GPS-enabled microchips could help track patients with dementia and other serious conditions

Published: 6-Sep-2018

Firm reveals plans for chip triggered by body heat and designed to record vital signs

A firm specialising in vending machines is working on a new innovation that will use GPS to track patients with dementia and other serious medical conditions.

Three Square Market’s invention will use a GPS-enabled chip which would be body-heat activated and also have voice recognition and the ability to track vital signs. This would prove useful for a number of medical conditions, including heart disease, dementia, Parkinson’s Disease, Huntington’s Disease, Pick’s Disease, Creutzfeldt-Jakob Disease, and Wernicke-Korsakoff Syndrome.

The company’s main business is developing and selling mini self-service kiosks to employers for placement in their break rooms.
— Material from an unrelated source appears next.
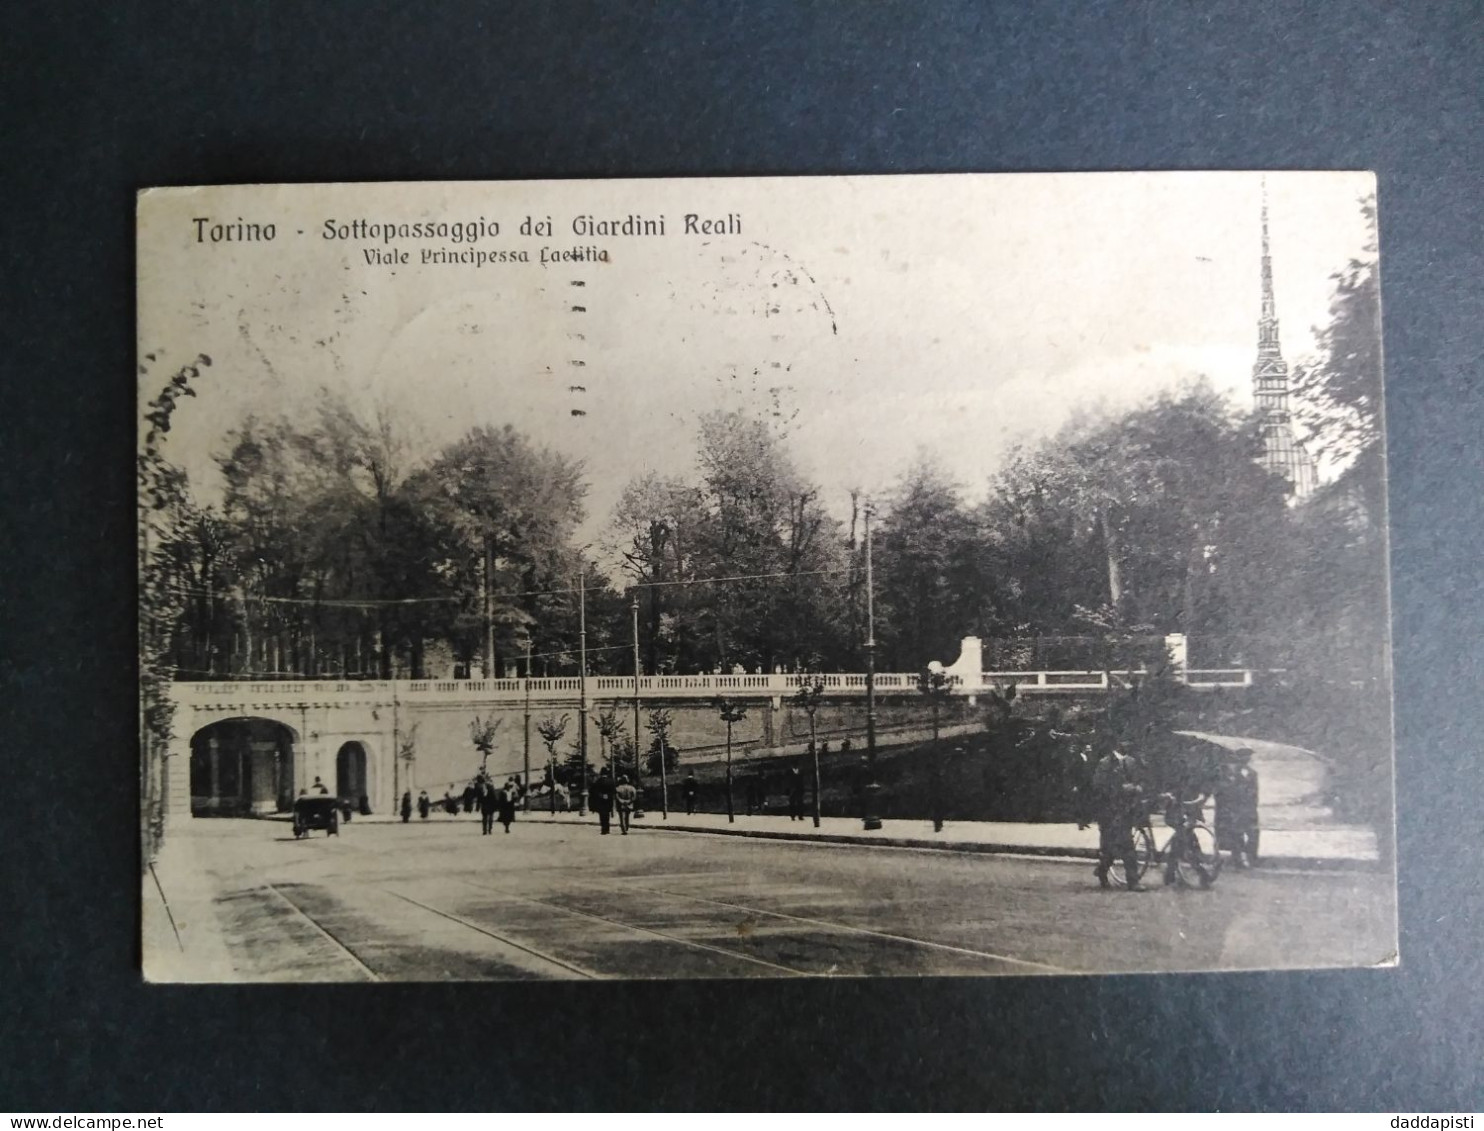 [S1] Torino - Sottopassaggio Dei Giardini Reali Con Passanti E Calesse. Piccolo Formato,Viaggiata, 1925 - Parks & Gardens

But the company began attracting media attention last year when it announced it had microchipped its employees so they could operate a locked door or a vending machine by waving their hand at it rather than with a chip-embedded card.

It has now set up a separate chip business, Three Square Chip, but the chip itself will be manufactured by a third party in the US.

Three Square Chip’s website says the chip will have capabilities to store a patient’s medical and personal information and provide security and tracking of prescription drug access, in addition to non-medical uses.

Company president, Patrick McMullan, said dementia patients would only have the chip inserted if they could give informed consent.

“I’m not interested in tracking people,” he said. “I’m interested in providing a useful tool for dementia patients.”